Tire tread depth is the single best predictor of tire safety in wet braking. As tread wears down, grooves that channel away water become shallower, and at ~2 mm (4/32 inch) the tire can no longer evacuate water fast enough, leading to hydroplaning and loss of braking. Different jurisdictions have different legal minimums (typically 2.4 mm or 2/32 inch), but professional shops and fleets often replace tires at 4 mm or even 6 mm for safety margins. Measuring tread is traditionally done with a penny or a simple depth gauge, both of which give a single point measurement. A tire, especially after collision or misalignment, can wear unevenly: the center might be at 4 mm while the shoulders are at 6 mm, or cupping (scalloped wear) might create pockets at 2 mm surrounded by deeper sections. A tire tread scanner captures the full 3D profile of the tread surface in seconds, detecting bald spots, cupping, feathering, and circumferential or lateral imbalance.

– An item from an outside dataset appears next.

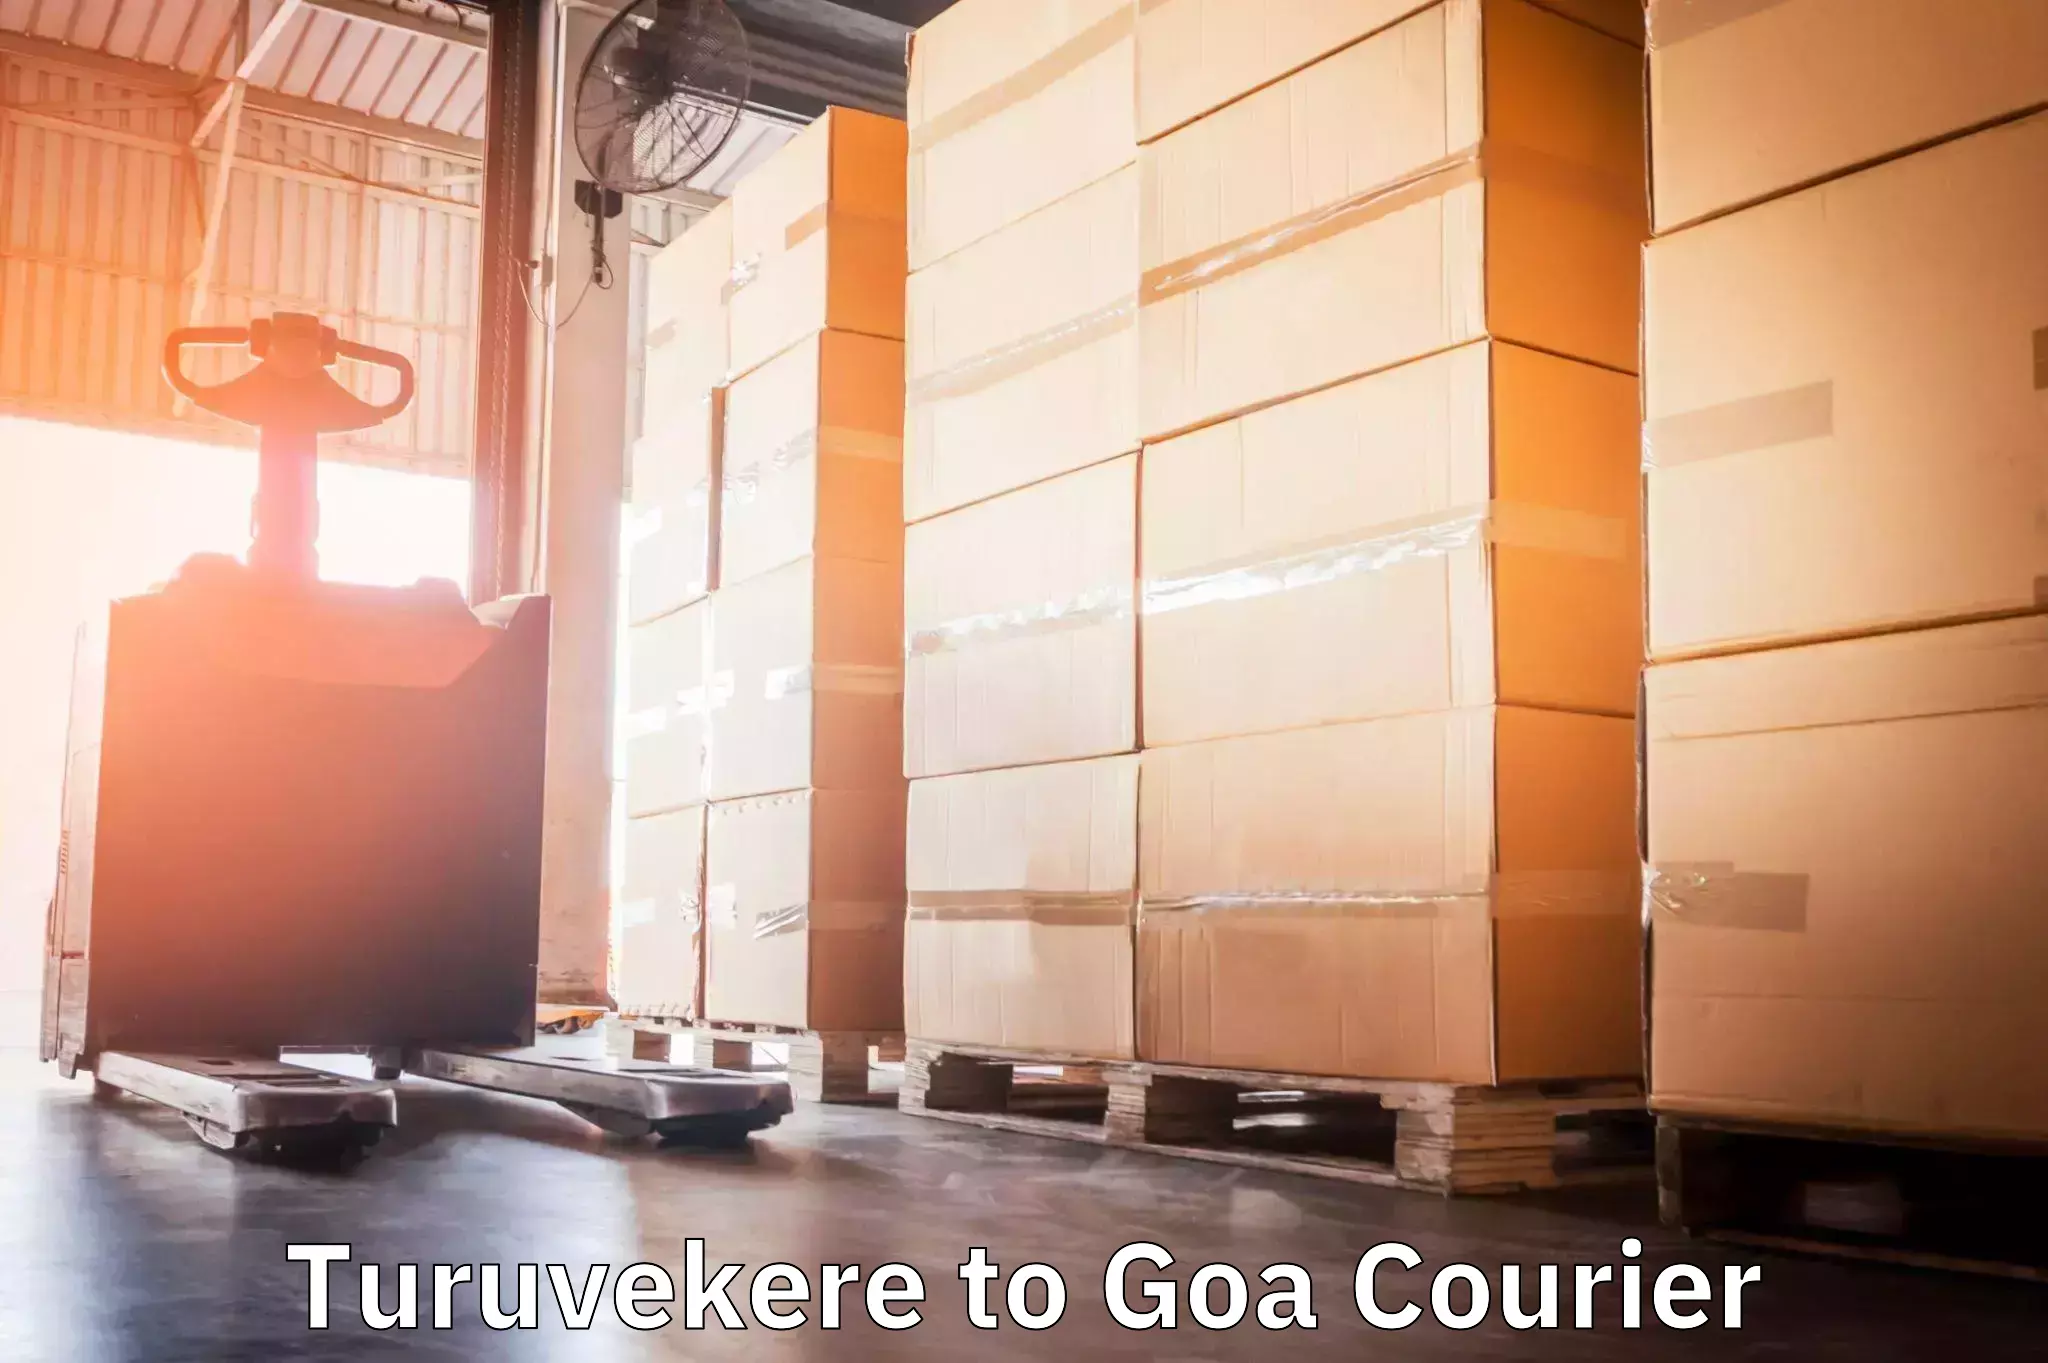 Package delivery network Turuvekere to Goa

The Laser Sensor Array is a row of 5–10 laser triangulation sensors, each projecting a red laser line onto the tire and capturing the reflection. By triangulating between the laser spot position and a camera image of the line, each sensor computes depth at a point on the tire surface. As the Drive Plate and Rollers rotates the tire, the Rotational Encoder pulses, telling the Processor and DSP Unit exactly where on the circumference each laser reading is. In seconds, the processor assembles a full 3D point cloud of the tread surface, then analyzes it to compute:

  • Minimum depth (worst wear point)
  • Average depth
  • Depth profile circumferentially (detecting flat spots or cupping)
  • Depth profile laterally (detecting center vs. shoulder wear)
  • Wear variance (standard deviation)

The Display and Controls shows a real-time graph of tread depth, highlighting any section below a user-set warning threshold (e.g., 2.4 mm). Results are stored in the Data Storage and Export and can be exported to fleet software or archived for compliance documentation.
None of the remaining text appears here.